Despite reports that homosexuality could be punishable by death in Uganda as early as May and amidst widespread reports of violence, the British Home Office is still trying to remove lesbian and gay Ugandans on the presumption they will not be persecuted.
Uganda born student, Brenda Namigadde, 29, was among those who took part in a demonstration outside the Uganda High commission in Trafalgar Square, Central London in 2009, when the Ugandan government introduced the Anti-Homosexuality Bill in parliament.
Now she's in Heathrow immigration detention centre and completely terrified.
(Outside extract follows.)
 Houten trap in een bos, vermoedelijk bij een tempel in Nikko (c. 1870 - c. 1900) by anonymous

“They already know who I am, because photos were taken of me and my colleagues that day. The Ugandan government has names of most of them as they have been published in several newspapers in the country.”Namigadde, who was in a relationship with Canadian born Janet Hoffman, for almost three years while in Uganda, said that a number of lesbian friends of her in that country "have not been heard of since news of what the government had in mind broke out."
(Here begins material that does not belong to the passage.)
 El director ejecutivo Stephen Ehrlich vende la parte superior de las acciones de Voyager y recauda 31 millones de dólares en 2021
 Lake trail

“It is like they have all vanished in thin air, I don't know what is going to happen to me once there,” said Namigadde before she broke into tears.
She was due to be deported 20 January, but that was only stopped after a mix-up with someone else name being submitted to the airline.
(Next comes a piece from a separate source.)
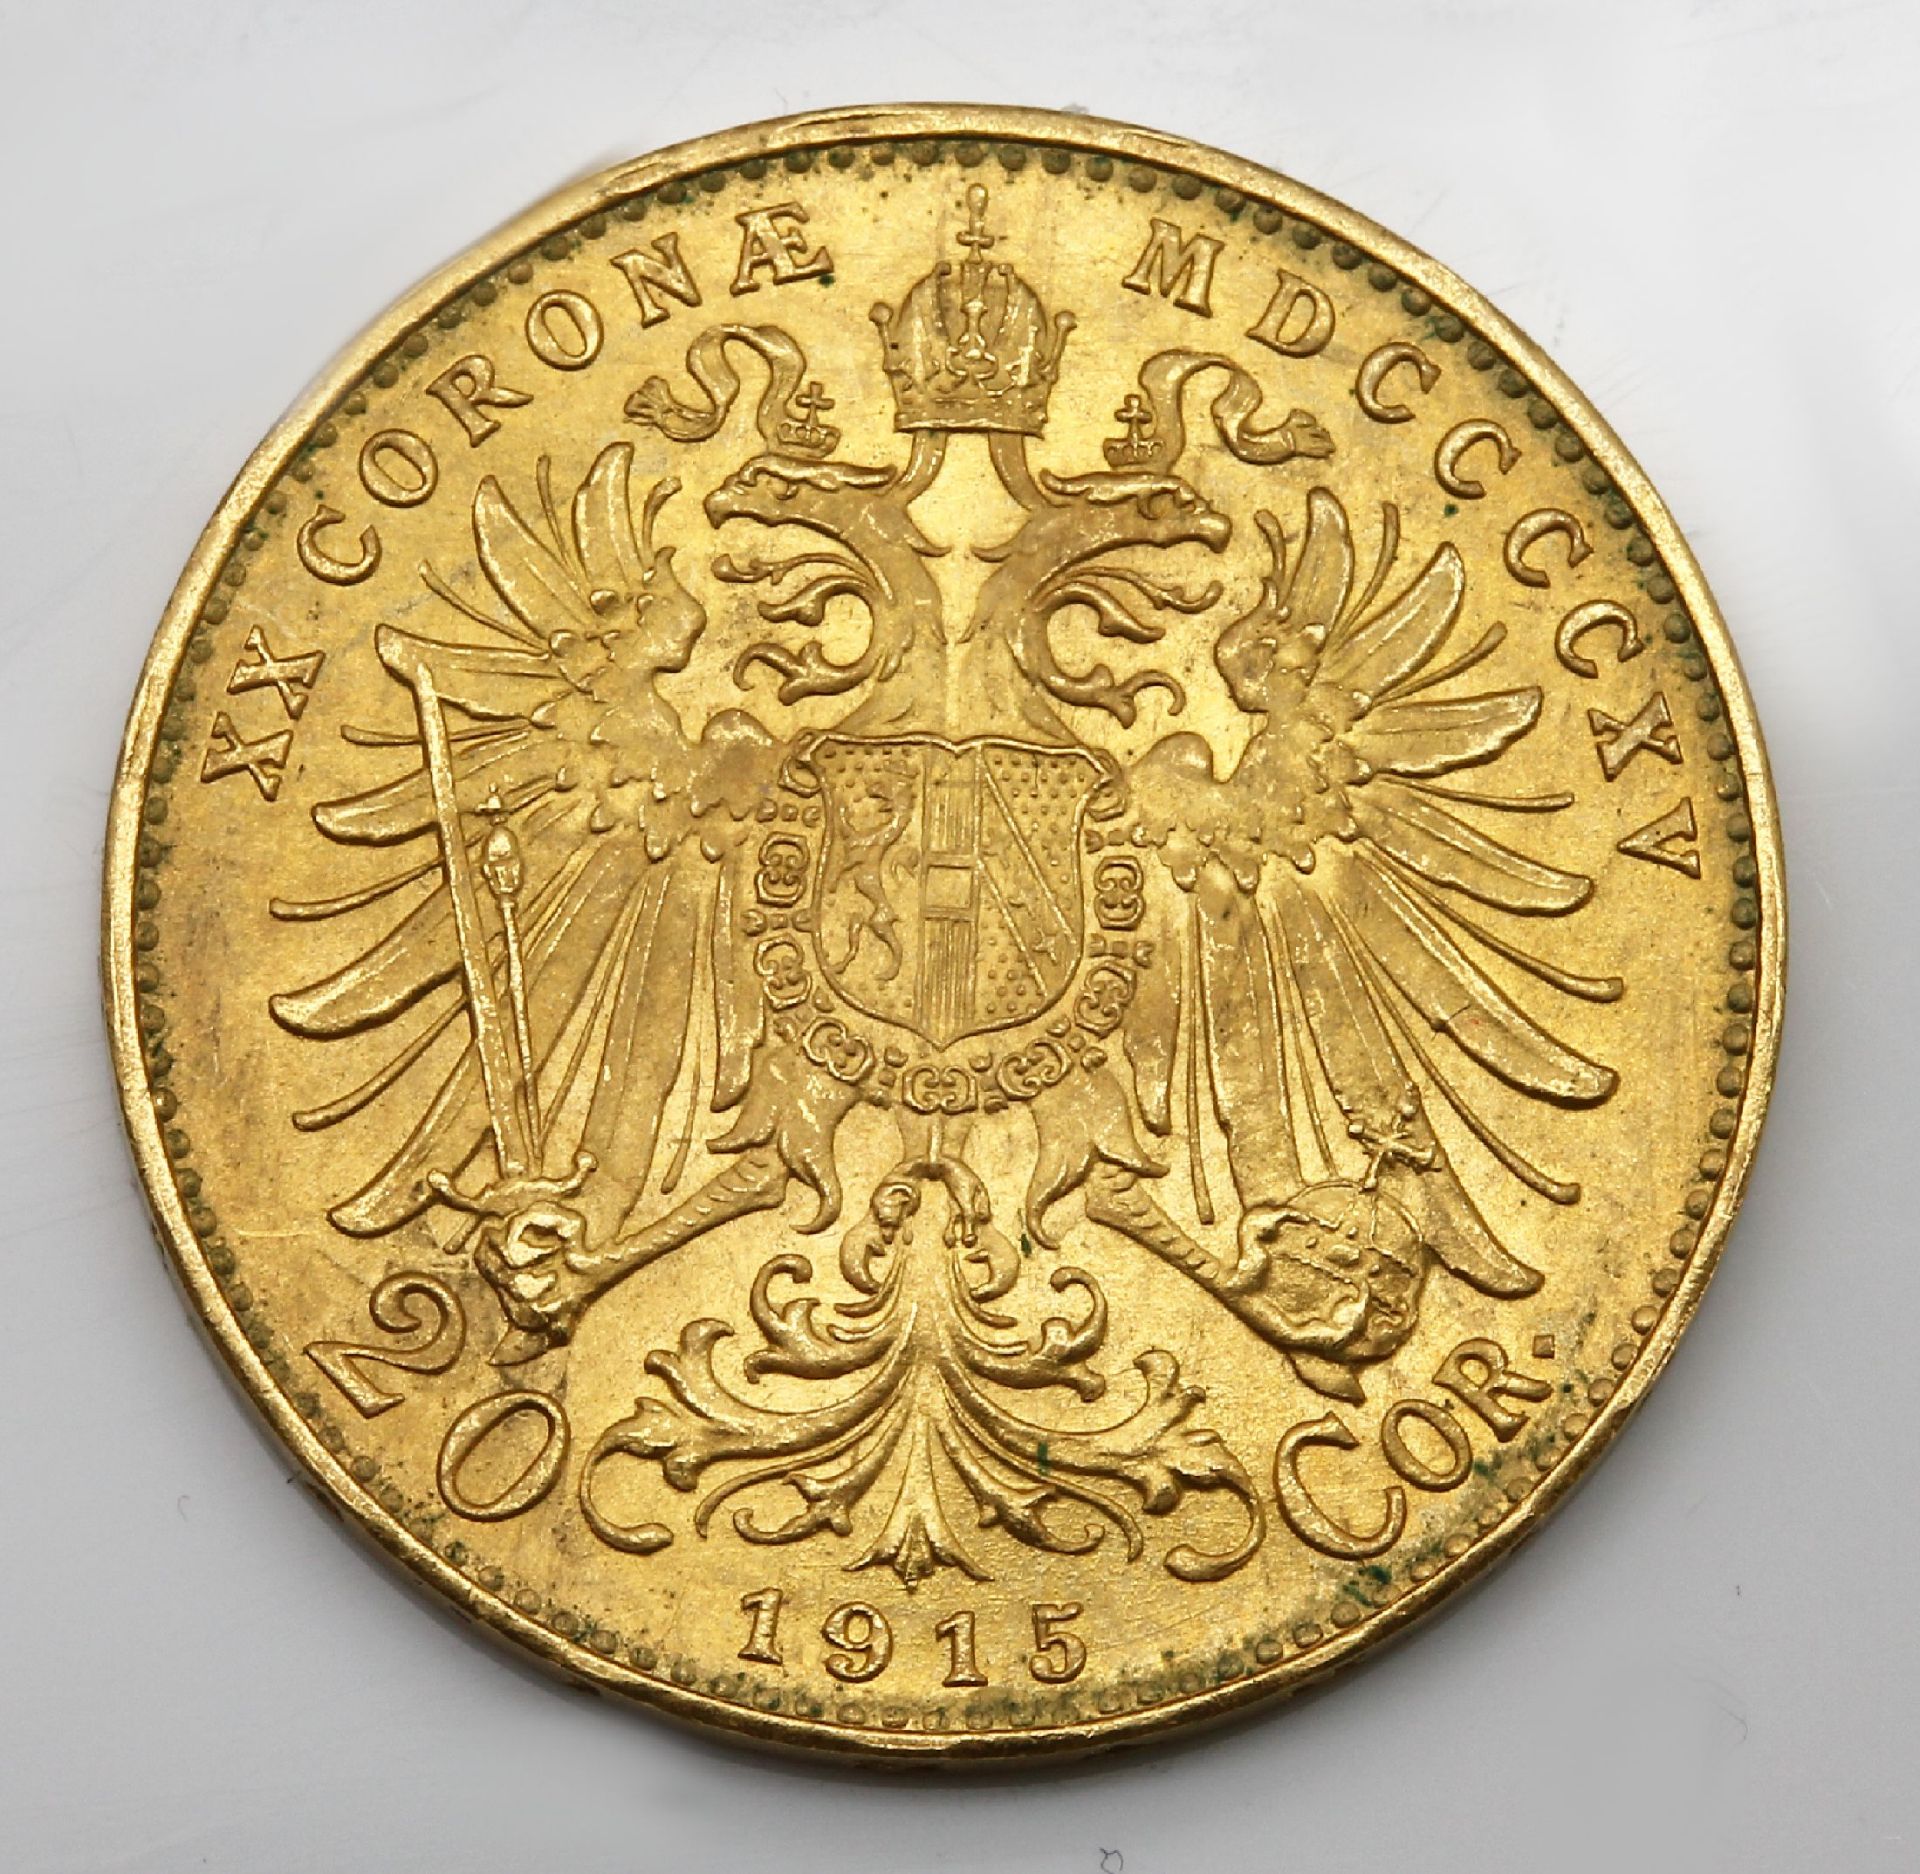 Goldmünze 20 Kronen Franz Josef von Österreich1915, - Image 2 of 3

Her lawyer, of Cardinal Solicitors in Luton, said:
“Her life could be in danger because very little is known about this law in Uganda. There are reports of mob justice in certain areas in that country."Another gay Ugandan, Garrick Nyeswa, has been desperately fighting to stay in this country. The rejection letter he received from the Home Office included the statement that “there is no evidence to confirm that homosexuals are persecuted in Uganda”
Current Foreign Office travel advice for Uganda is that "homosexuality is illegal and social tolerance of it is low."
The UK Border Agency was reported in April to be moving to block any visa application by the author of the Anti-Homosexuality bill, David Bahati MP.
Last week Bahati told LezGetReal that Uganda “does not not consider homosexuality as a human right” and that it will do everything it can to enforce criminal sanctions against those who “practice homosexuality.”
Earlier last year, then Minister of State for Africa and the United Nations, Baroness Kinnock, delivered Britain's condemnation of the bill in Kampala.
And in November, the Foreign Office released a statement to pinknews.co.uk saying:
“The UK, alongside our EU partners, has raised our concerns about the draft bill and LGBT rights more broadly with the government of Uganda, including with the prime minister and several other ministers, the Ugandan Human Rights Commission, and senior officials from the Ugandan Ministry of Foreign Affairs."
“We will continue to track the passage of the bill and to lobby against its introduction.”